I'm pretty sure that the double blip hypothesis is correct, it lines up with my observations quite nicely, however, I have not been able to observe this on my oscilloscope, although that's probably due to it being a pretty crappy oscilloscope and me not really understanding how to use it.

how does one solve a double blip? my best solution would be to split up the clock cycle. every other clock pulse would increment the program counter. the in between clock pulses would become a load clock that would be only be used to perform loads. I think I've got that circuit figured out, but I'll save that for another post.

if anyone has any ideas about how to catch the double blip with rudimentary tools, feel free to comment/message me. It would be nice to have direct confirmation before attempting to build some more logic.
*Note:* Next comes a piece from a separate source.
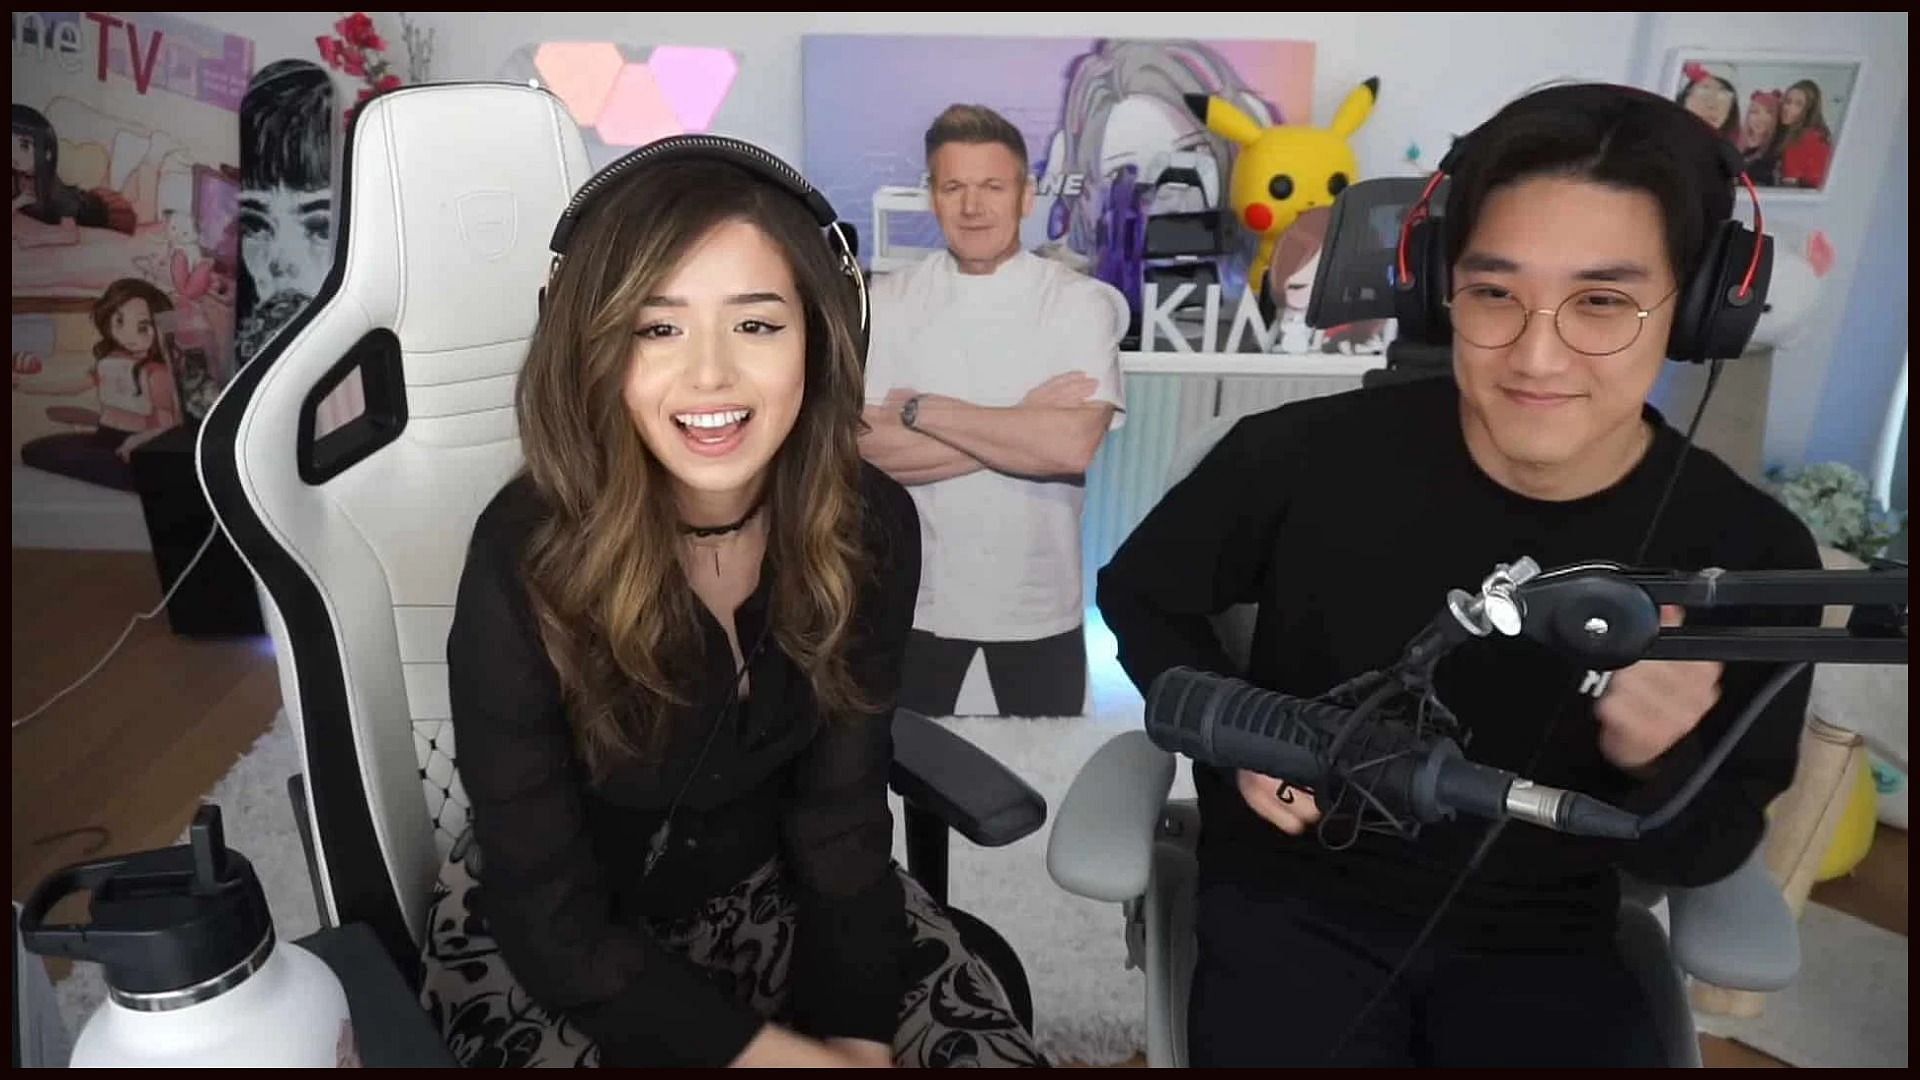 Pokimane and her rumored boyfriend Kevin have been a hot topic for some time now (Image via Twitch)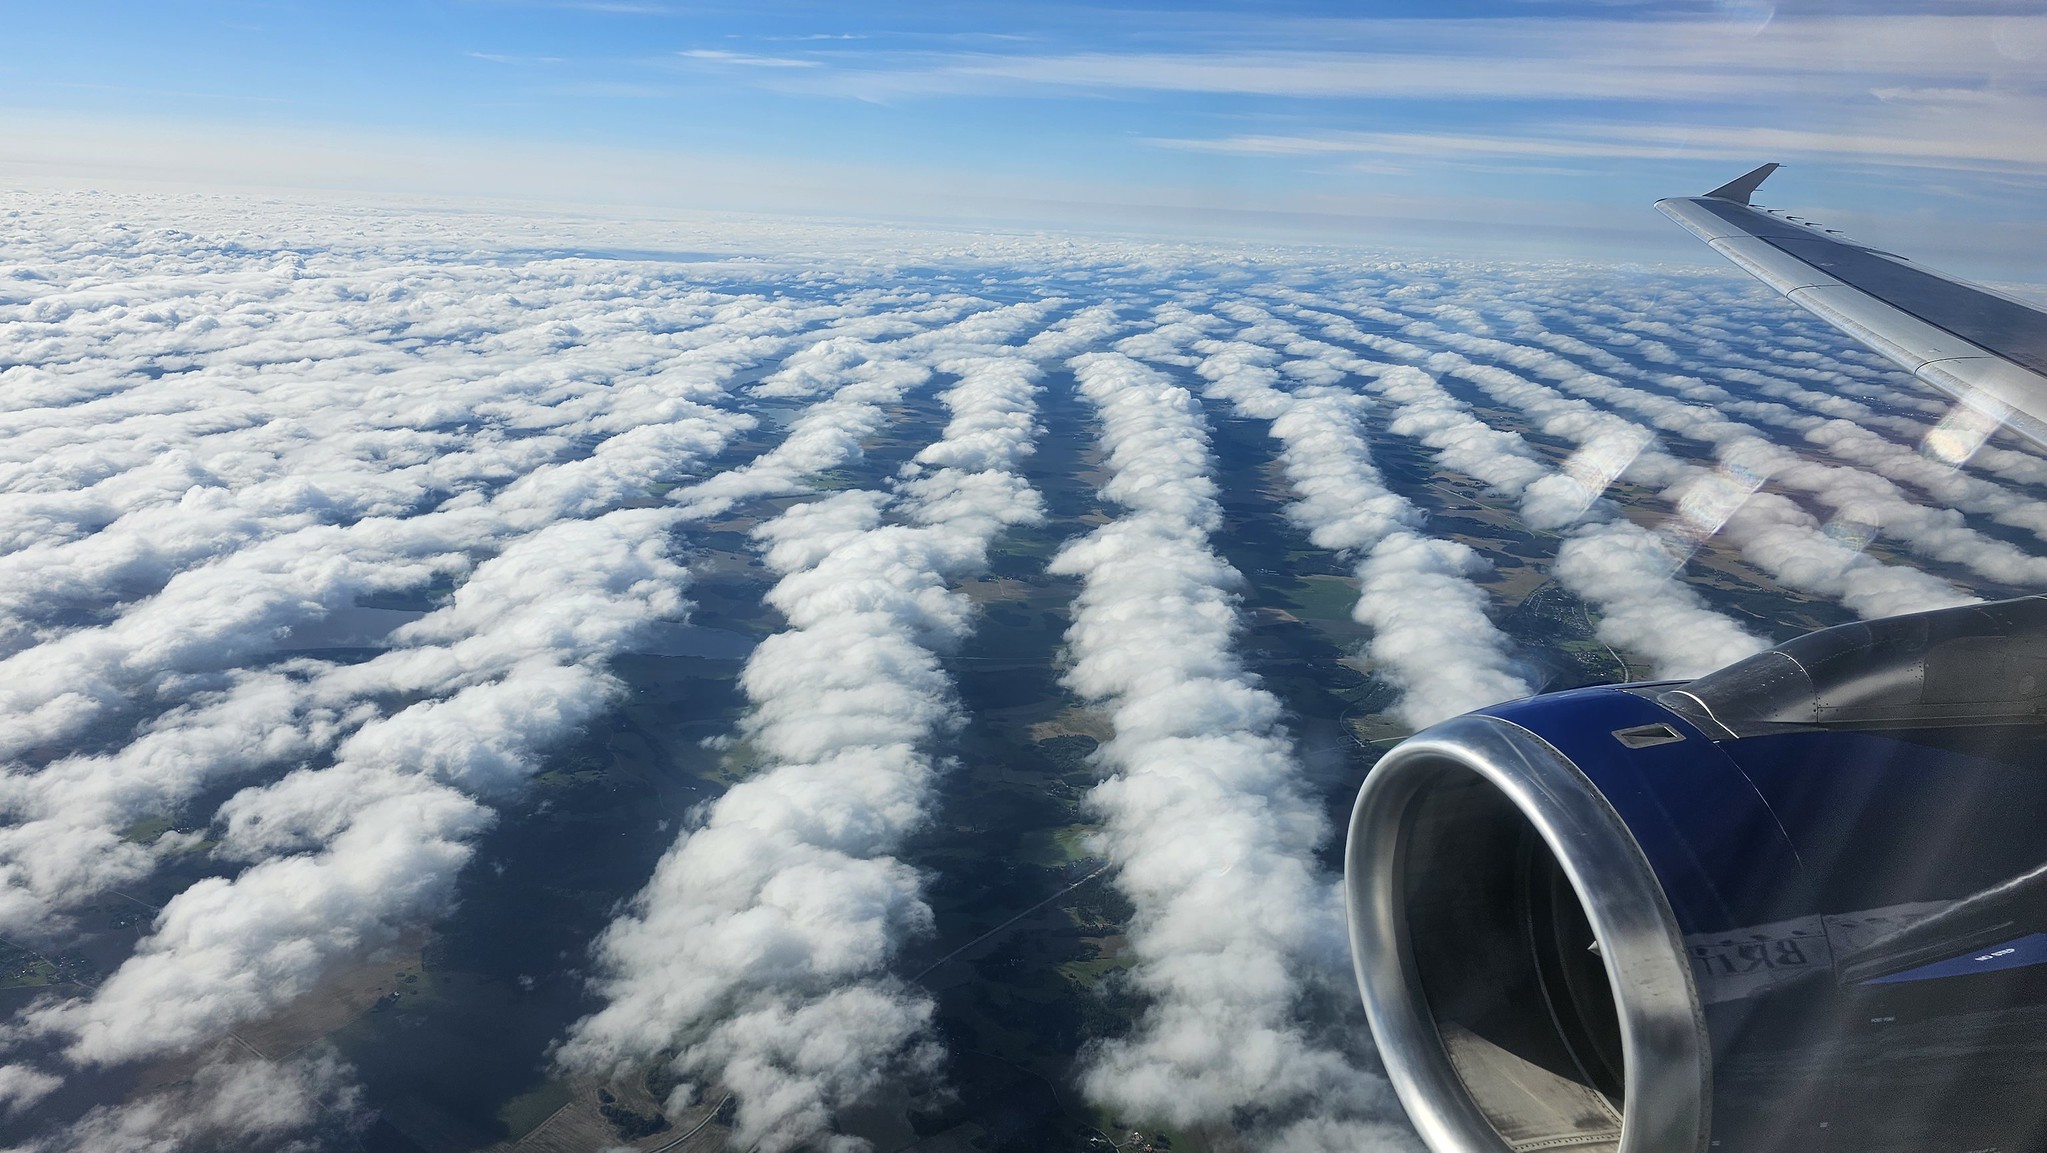 Cloud patterns on the way to Stockholm

***edit: I may have caught the double blip with my logic probe

I successfully executed an instruction for the very first time. There are still some bugs to work out, but the first program shouldn't be very far off. the first instruction I executed was a load of the @ register. basically what I did was load the binary numbers 0-15 into the upper nybble of ROM, I then connected the output to the @ register input bus, and applied the clock signal. for this demo I connected the @ register load bit to the clock. eventually this will be connected to the control logic, but before that can happen I have some timing issues to fix in regards to the output of the control logic multiplexer. It shouldn't be long before this runs it's first program.